Пройдет лет пятьдесят, и откроется, что было скрыто. «Перестройка» – условное слово. Как ее тогда назовут? Революция? Контрреволюция? Гражданская война?.. А что, кровь уже лилась…
Человек – свидетель событий в том случае, если уцелеет, переживет. Участник – не свидетель. Всё-то мы видим и понимаем потом.
Человек, видящий настоящее время, – еще реже, чем человек, прозревающий будущее. Это вам не экстрасенс какой-нибудь.
Это уже Блок или Мандельштам.
Это и есть лирика.
Прозаик – человек, прозевавший настоящее время, впадает от неточности памяти в эпос.
Прозаика, пишущего с точностью лирика, нельзя печатать. Не потому, что запрещено. А потому, что нельзя.
Разве что на Западе. Потому что там – все равно.
Тексты, напечатанные на Западе и у нас, – разные тексты. Даже нецензурованные, буква в букву, – разные. Это вам не Борхес, переписанный Дон Кихотом.
Все еще нельзя печатать «Четвертую прозу», да и Надежду Яковлевну все еще нельзя печатать. Хоть бы их и напечатали по инерции нашей гласности.
Их можно напечатать разве потому, что их нельзя прочесть. Глаз не хватит. Духу так понять, как написано.
«Не сравнивай, живущий несравним…»
Лидию Яковлевну тоже нельзя печатать. Разве «Записки блокадного человека» уже можно?
Особой силой налито ее позднее печатное слово оттого еще, что не было у него теневого предшествия на западной, слишком хорошей бумаге. А сразу – на советской, советскими буквами.
На настоящее – как на смерть, как на солнце – во все глаза не взглянешь. Только дети соревнуются с ним: сколько можно выдержать, не мигая? Ученые – те же дети. Если настоящие, то до старости. Та же беззащитность и жестокость.
Ученый, тыняновская ученица – вот кто была для нас Лидия Яковлевна в начале 60-х, когда мы с ней подружились, двадцатисчемтолетние. Никакая не писательница – это мы были писатели. О чем я с ней говорил, я еще представляю. Что занимает меня теперь, это – о чем она с нами говорила?.. В ее теперешних тогдашних записях я не нахожу рефлексий на наше общение. Либо она щадила нас, после нашего ухода вспоминая то Олейникова, то Ахматову, с кем было о чем поговорить?.. То ли мы еще найдем, впоследствии, ее наблюдения о нас – крайне любопытно… не дай Бог.

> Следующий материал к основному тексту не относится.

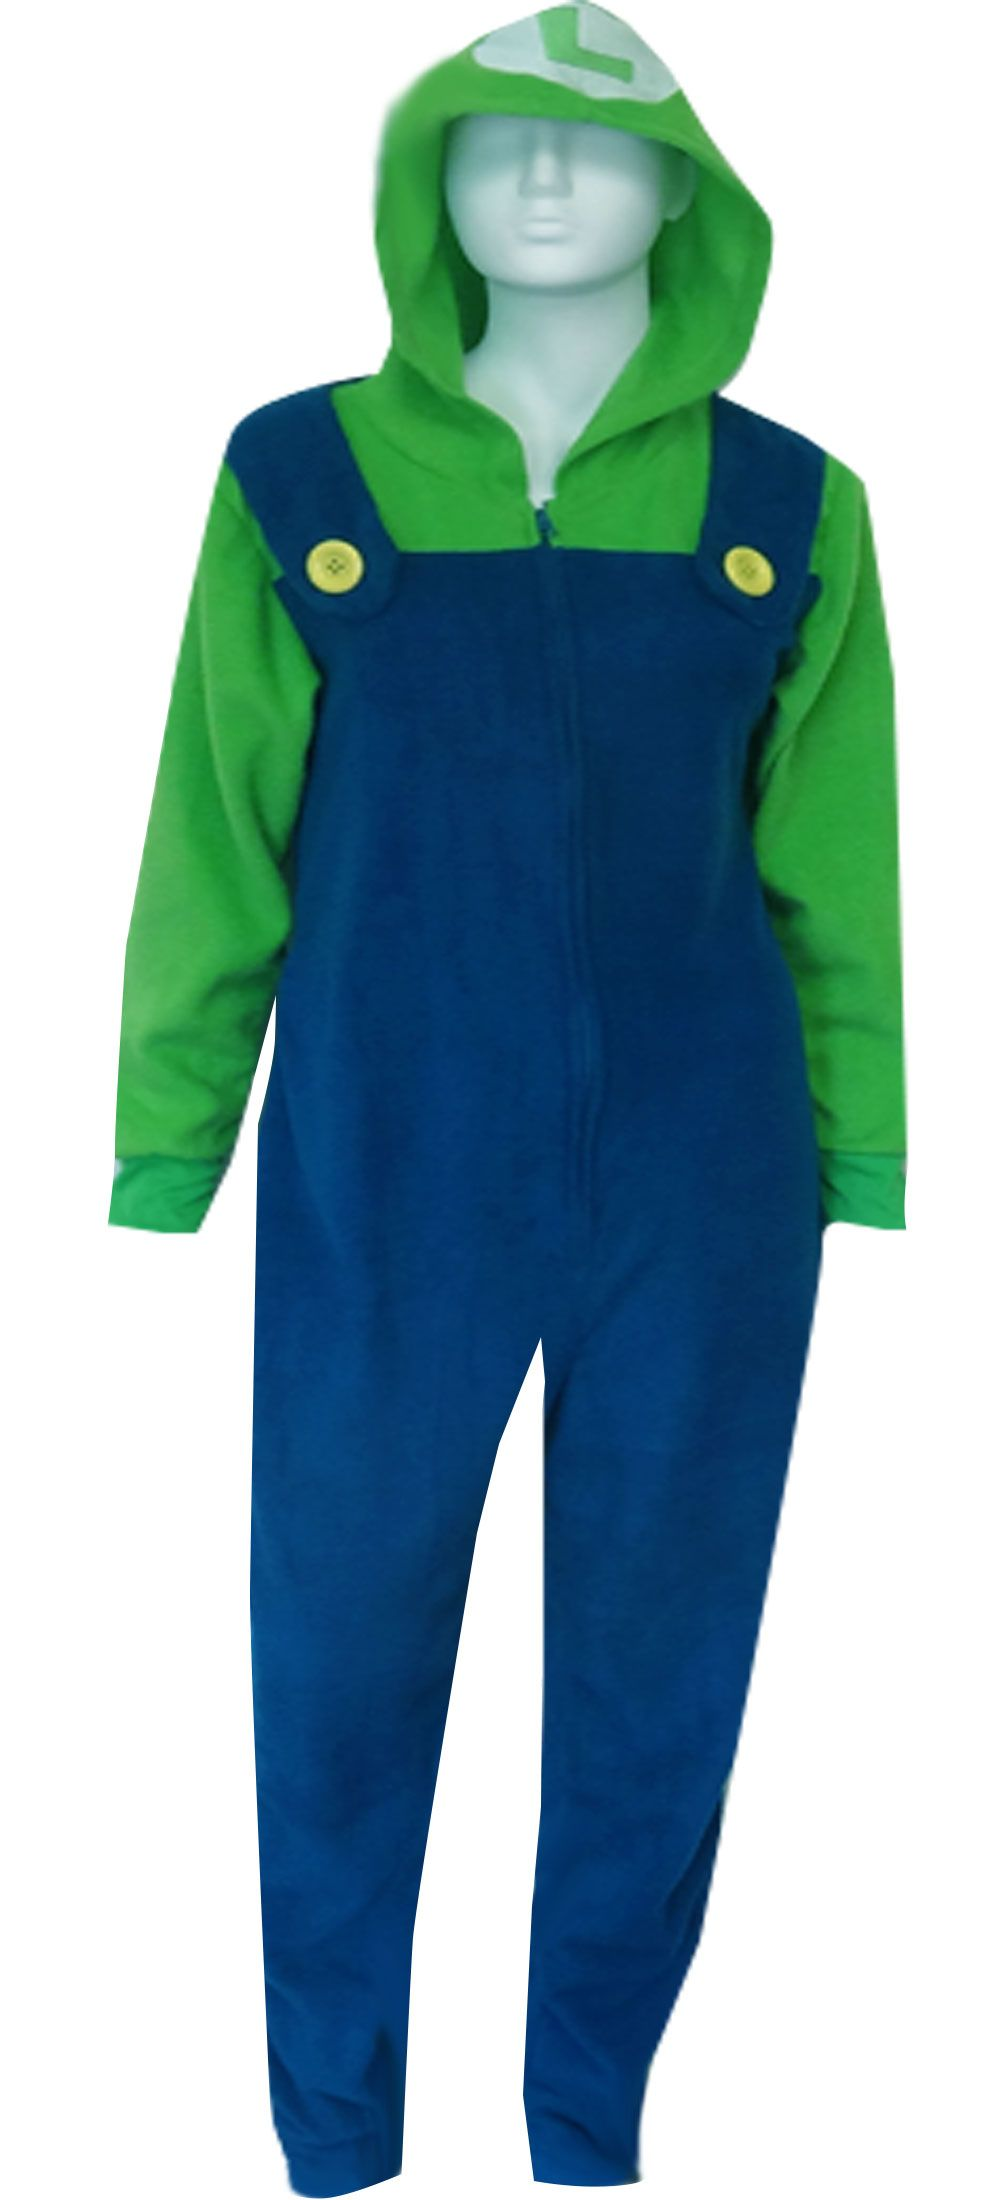 c5d5613a WebUndies.com Nintendo Super Mario Brothers Luigi Hooded Onesie Pajama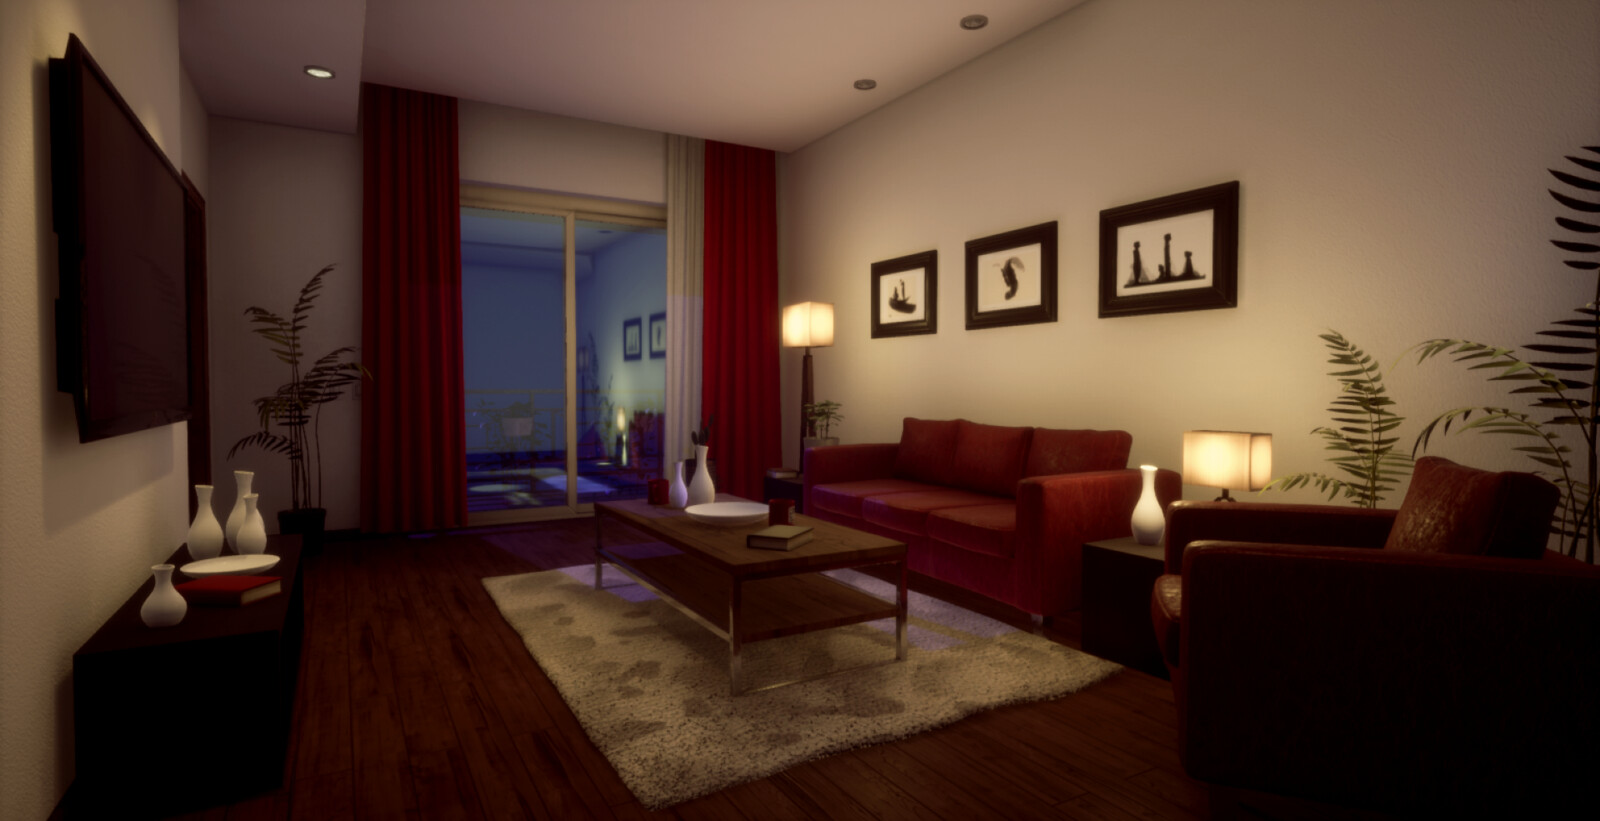 Cozy Home - Night

Ахматова сердилась на «поэтессу» и настаивала, что – поэт. Так вот, ученый Лидия Яковлевна Гинзбург – «настоящая ученый». Она основоположила экспериментальное литературоведение, в отличие от остального, наукой называемого больше из академической вежливости. Учитель ее строго разделил свои жанры – на науку и романы, ученица – объединила. Может, Тынянов и проверял какие-нибудь из научных гипотез художественным чутьем, но это – другое. В обладании жанрами, в их принципиальном и качественном различии был для него тыняновский блеск, пушкинский шик. Задумав написать о том, что Вяземский осознавал свои «Записные книжки» как жанр, двадцатисчемтолетняя Лидия сама начала писать «Записки». Обретя в этом личный опыт, она проникла в метод Вяземского, о чем и написала свою первую научную работу. Статья была закончена в 1926 году – «Записки» же длятся по сей день.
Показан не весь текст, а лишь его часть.